La directrice du programme Immunisation, Vaccins et Produits Biologiques de l'Organisation mondiale de la santé, Kate O'Brien, a déclaré que ces résultats constituaient une preuve solide du potentiel du vaccin à changer la trajectoire de la mortalité infantile sur le continent.
« Il s’agit là d’une preuve très solide du potentiel des vaccins contre le paludisme pour changer la trajectoire de la mortalité infantile en Afrique, et de la raison pour laquelle il est urgent de surmonter les obstacles au financement afin d’accélérer leur déploiement. »
« La demande est forte et l'offre suffisante, mais un financement accru est nécessaire pour que les pays puissent acheter suffisamment de vaccins, ainsi que d'autres outils de prévention du paludisme, afin d'atteindre tous les enfants les plus exposés au risque de maladie grave ou de décès », a déclaré O'Brien.
Malgré les progrès réalisés à l'échelle mondiale, le paludisme demeure l'une des principales causes de mortalité infantile en Afrique. Rien qu'en 2024, on estime que 438 000 enfants africains sont décédés des suites de cette maladie.
Le directeur du programme de lutte contre le paludisme et les maladies tropicales négligées de l'OMS, Daniel Ngamije Madandi, a déclaré que la vaccination renforçait la riposte au paludisme lorsqu'elle était combinée à d'autres interventions éprouvées.

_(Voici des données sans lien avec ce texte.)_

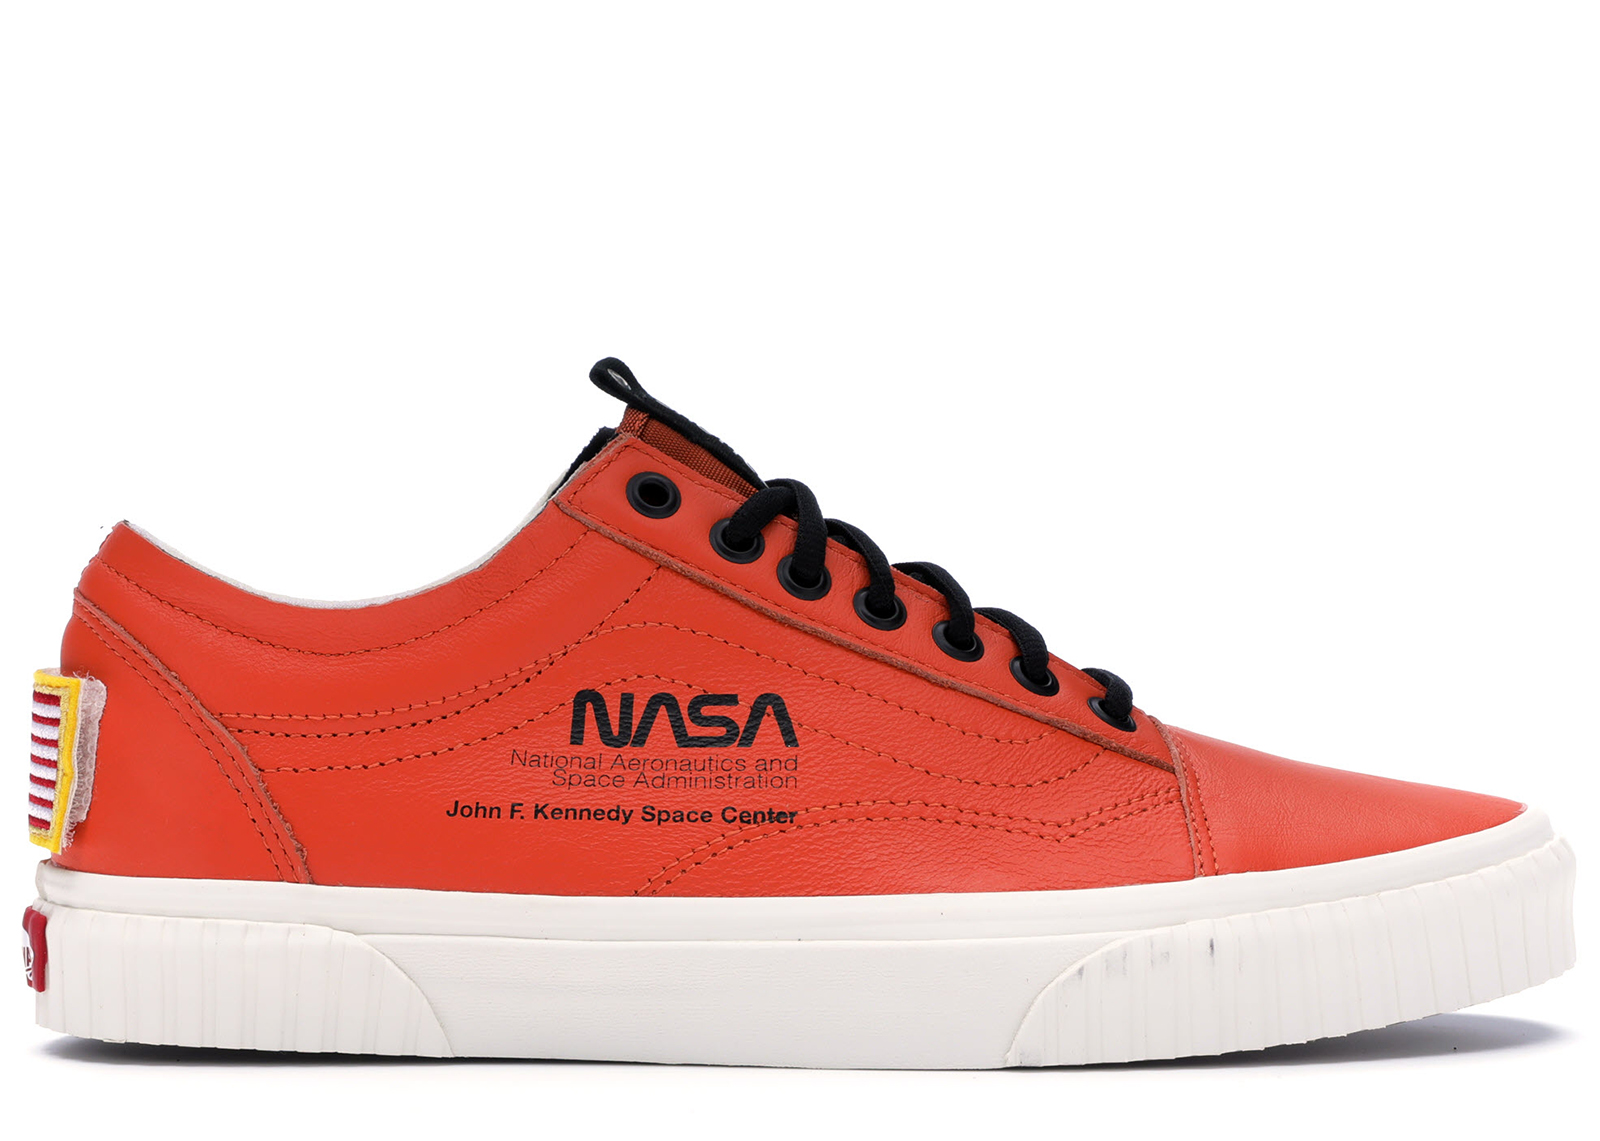 Details about NASA X Vans Space Voyager Old Skool Firecracker Orange Shoes Men's 7.5

« La vaccination contre le paludisme renforce la riposte et améliore l’accès à la prévention du paludisme dans les pays qui utilisent un ensemble d’interventions éprouvées pour optimiser considérablement l’impact dans les zones de transmission modérée et élevée », a déclaré Madandi.
Les auteurs de l'étude ont également noté que le schéma vaccinal à quatre doses offrait des opportunités supplémentaires pour administrer d'autres vaccins infantiles, tels que les vaccins contre la rougeole et la méningite, parallèlement à des interventions sanitaires telles que la supplémentation en vitamine A et les moustiquaires imprégnées d'insecticide.
L'évaluation a par ailleurs confirmé que l'introduction du vaccin contre le paludisme n'avait eu aucune conséquence négative sur la vaccination des enfants ni sur le recours à d'autres mesures de prévention du paludisme.
Actuellement, 25 pays africains où le paludisme est endémique proposent des vaccins contre le paludisme dans le cadre de leurs programmes de vaccination infantile, ciblant chaque année plus de 10 millions d'enfants.
Cependant, les contraintes budgétaires empêchent de nombreux pays d’étendre la vaccination aux objectifs nationaux, malgré un approvisionnement suffisant en vaccins recommandés par l’OMS, RTS,S et R21, pour répondre à la demande existante.
L'évaluation a été menée par des scientifiques de l'OMS, d'instituts de recherche basés en Afrique et d'autres organismes de santé mondiaux, notamment la London School of Hygiene and Tropical Medicine et les Centres américains de contrôle et de prévention des maladies.